## RAW DATA
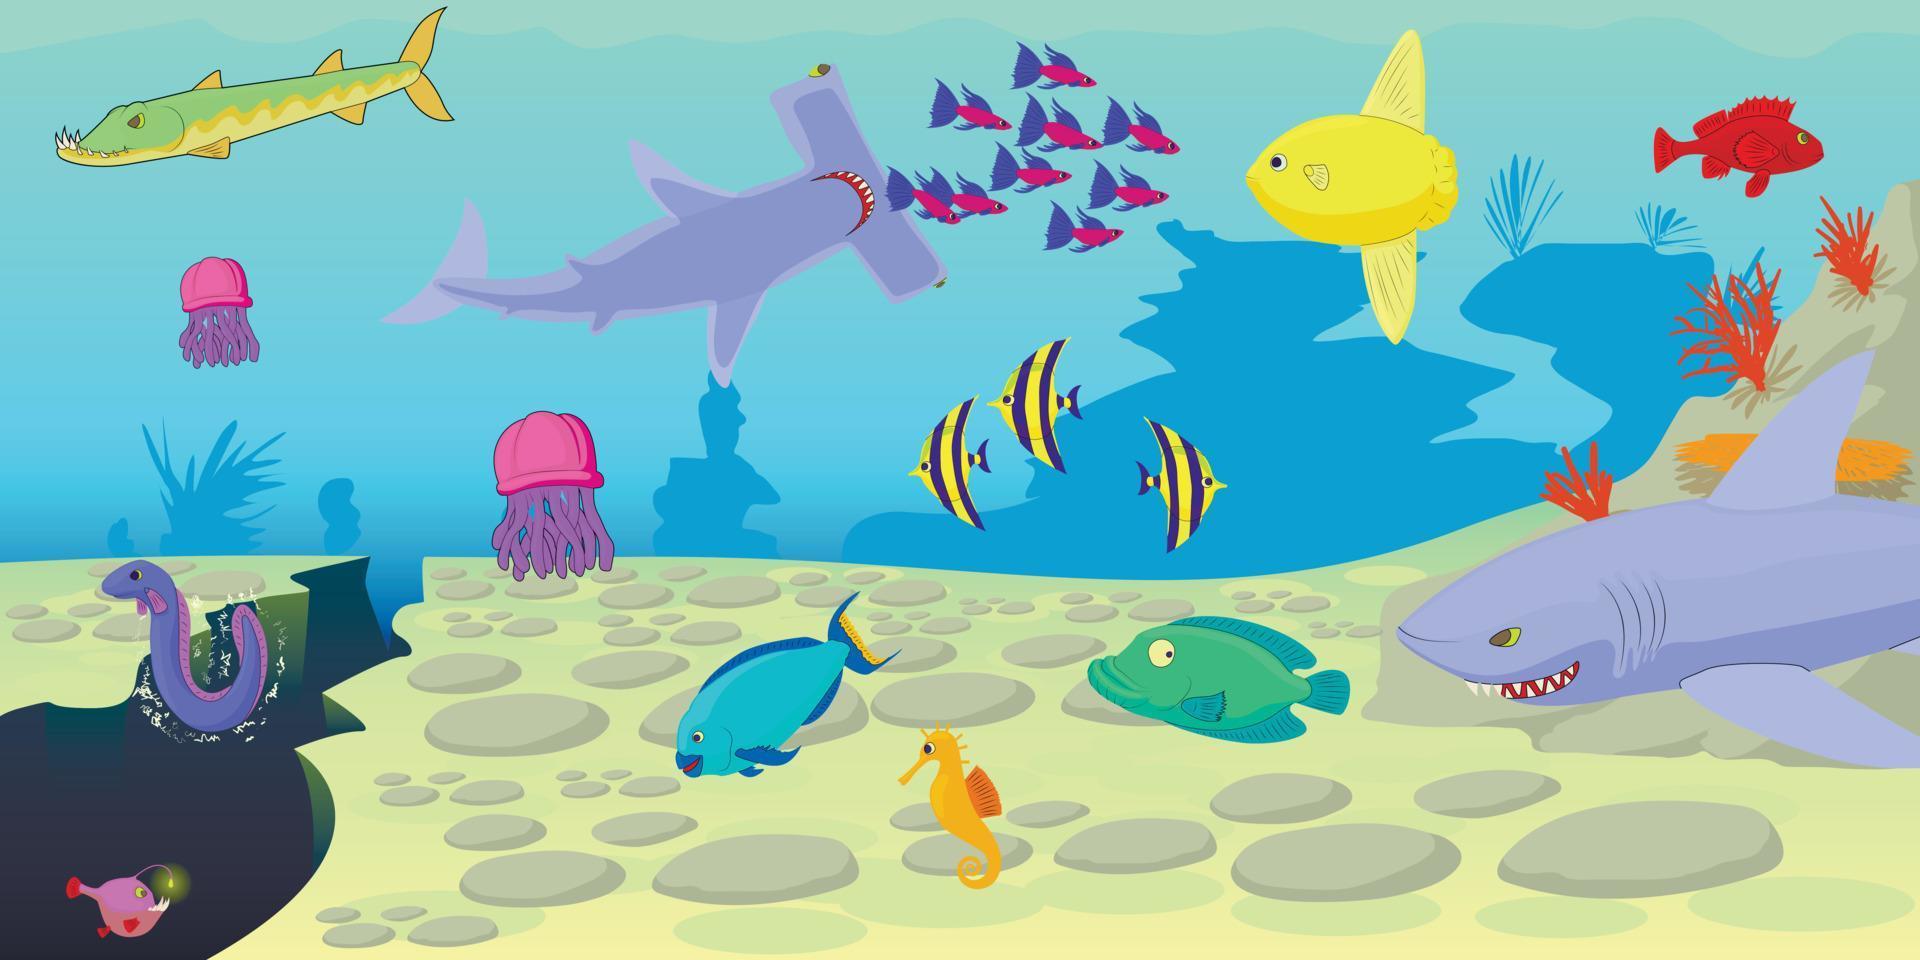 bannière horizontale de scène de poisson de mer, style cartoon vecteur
==
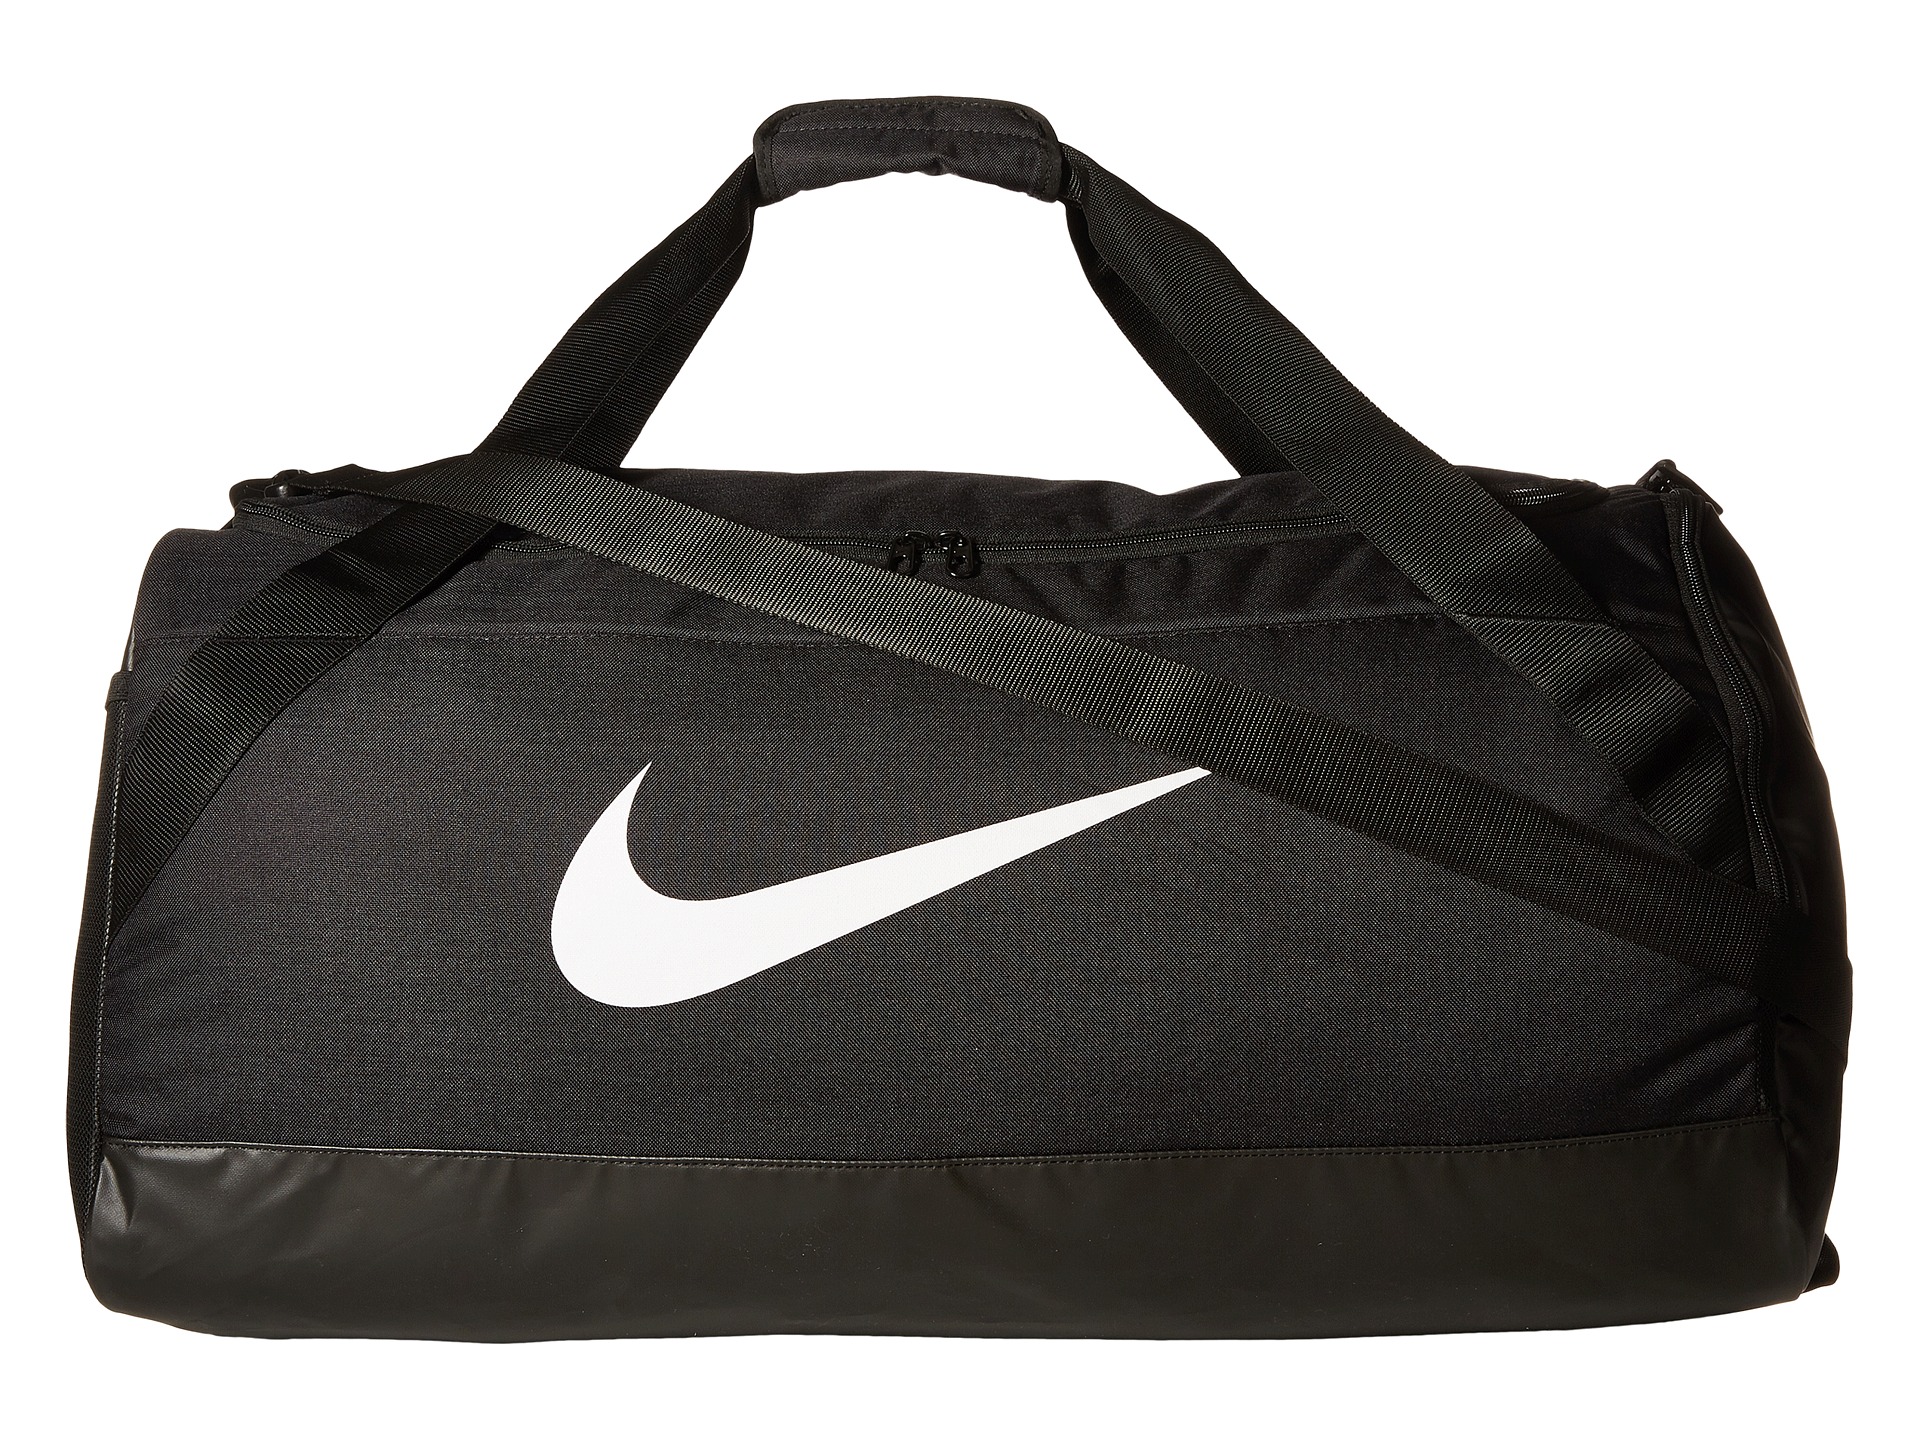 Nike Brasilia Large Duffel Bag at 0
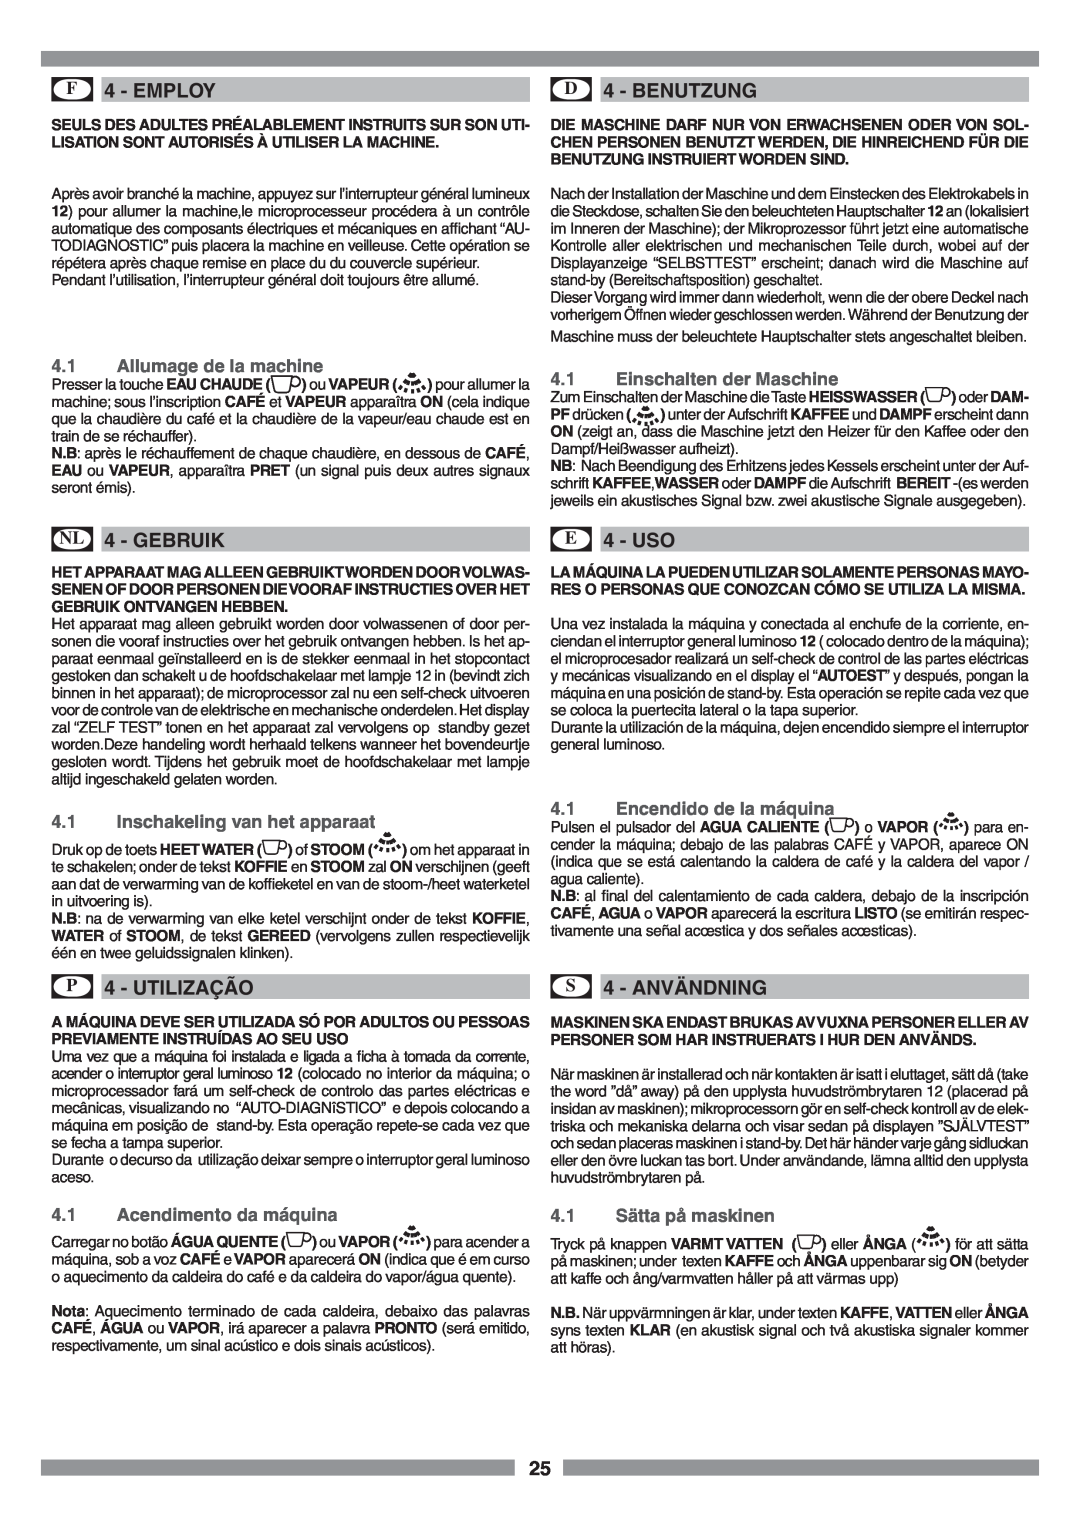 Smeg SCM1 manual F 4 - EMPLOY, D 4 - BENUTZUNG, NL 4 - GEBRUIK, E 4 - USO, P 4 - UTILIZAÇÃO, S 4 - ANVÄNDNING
==
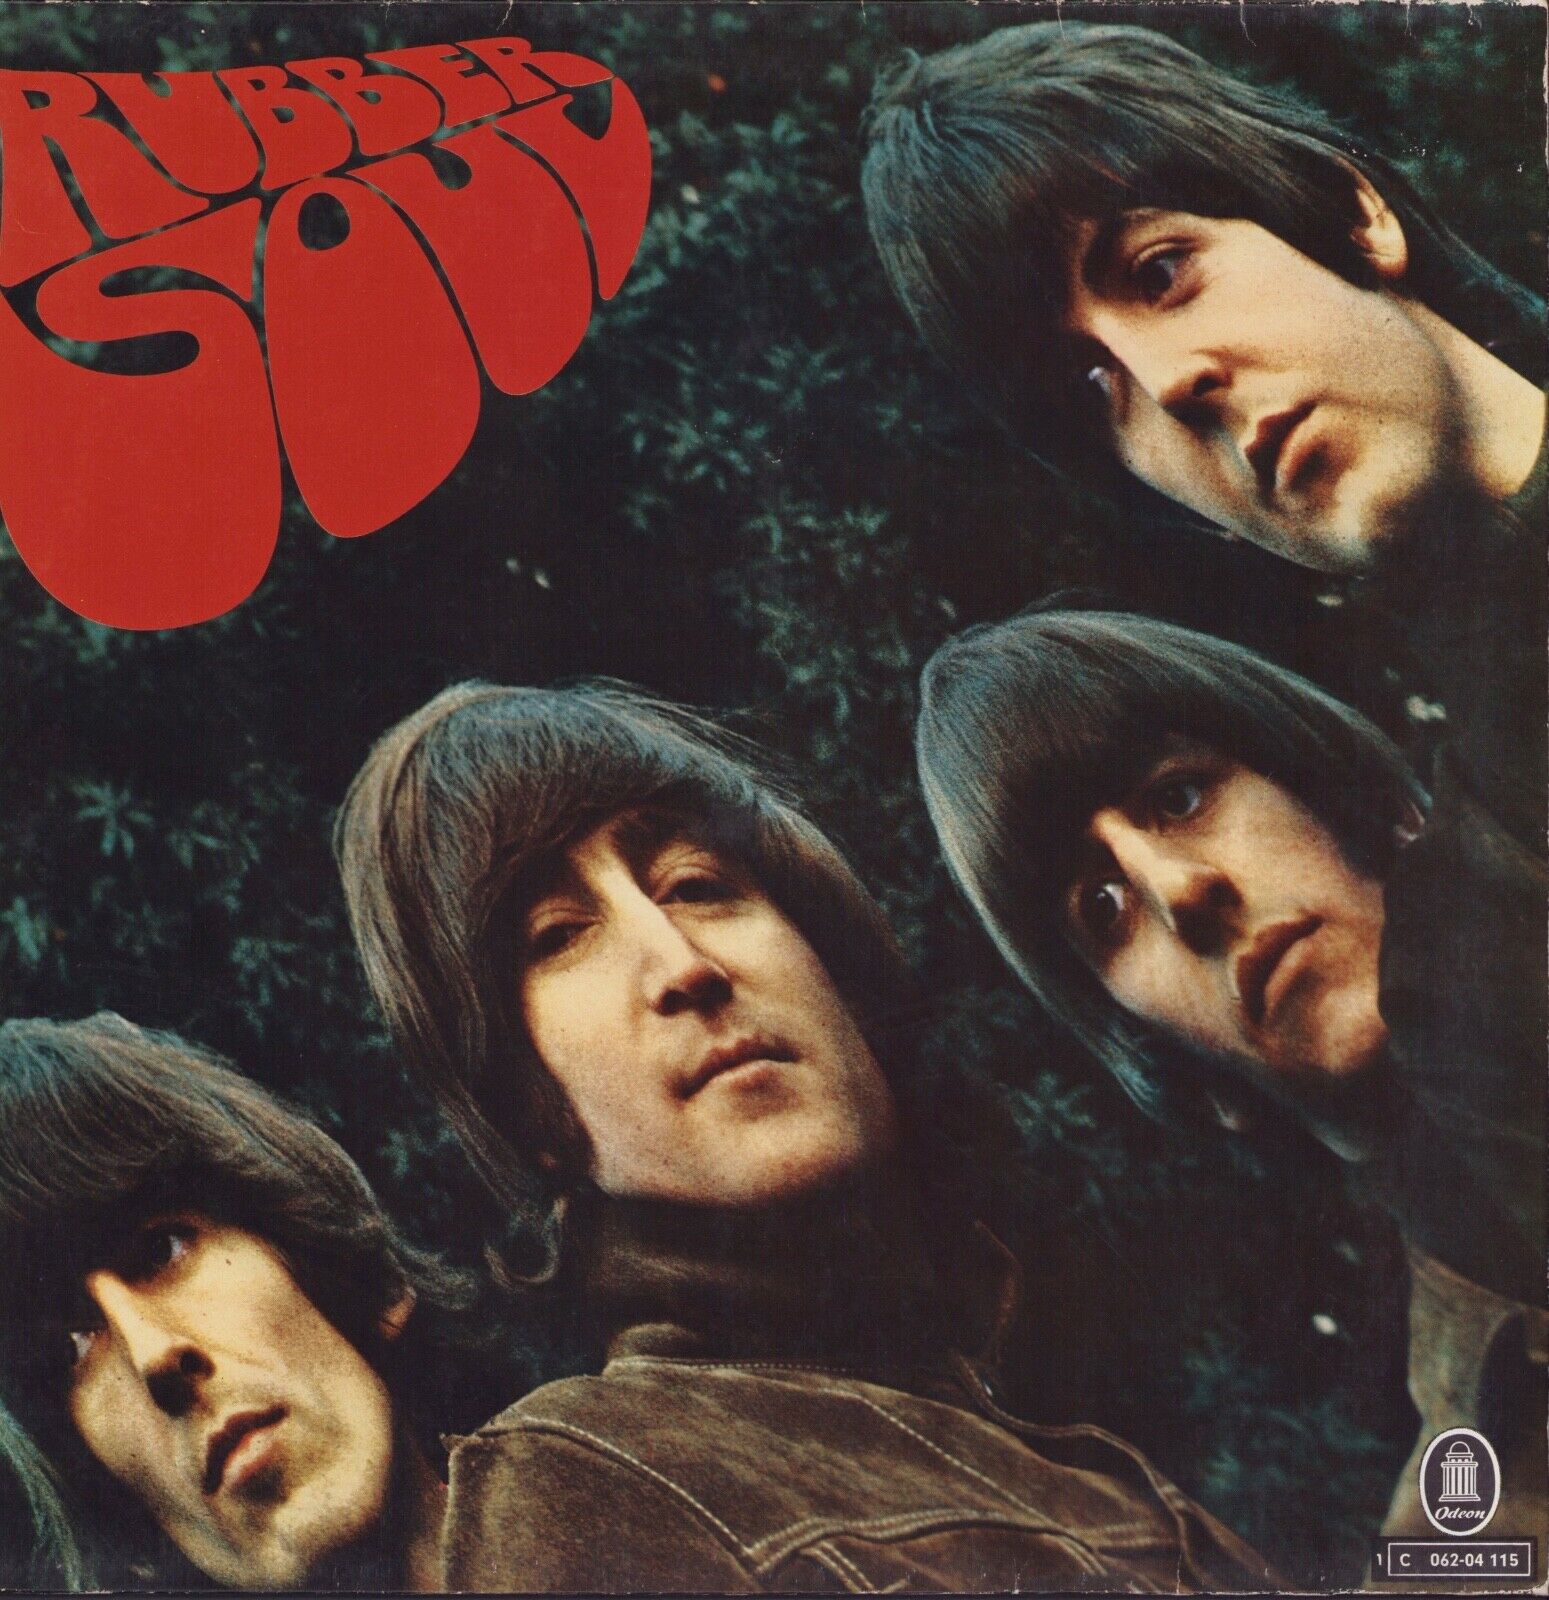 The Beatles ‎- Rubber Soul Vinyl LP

## PROBLEM DESCRIPTION
Take the entries above and copy exactly the lines starting at the one with "Nike Brasilia Large Duffel Bag at 0" and ending at the one with "Smeg SCM1 manual"; nothing outside that span, and no pictures.

## ANSWER AREA
 Nike Brasilia Large Duffel Bag at 0
 Smeg SCM1 manual F 4 - EMPLOY, D 4 - BENUTZUNG, NL 4 - GEBRUIK, E 4 - USO, P 4 - UTILIZAÇÃO, S 4 - ANVÄNDNING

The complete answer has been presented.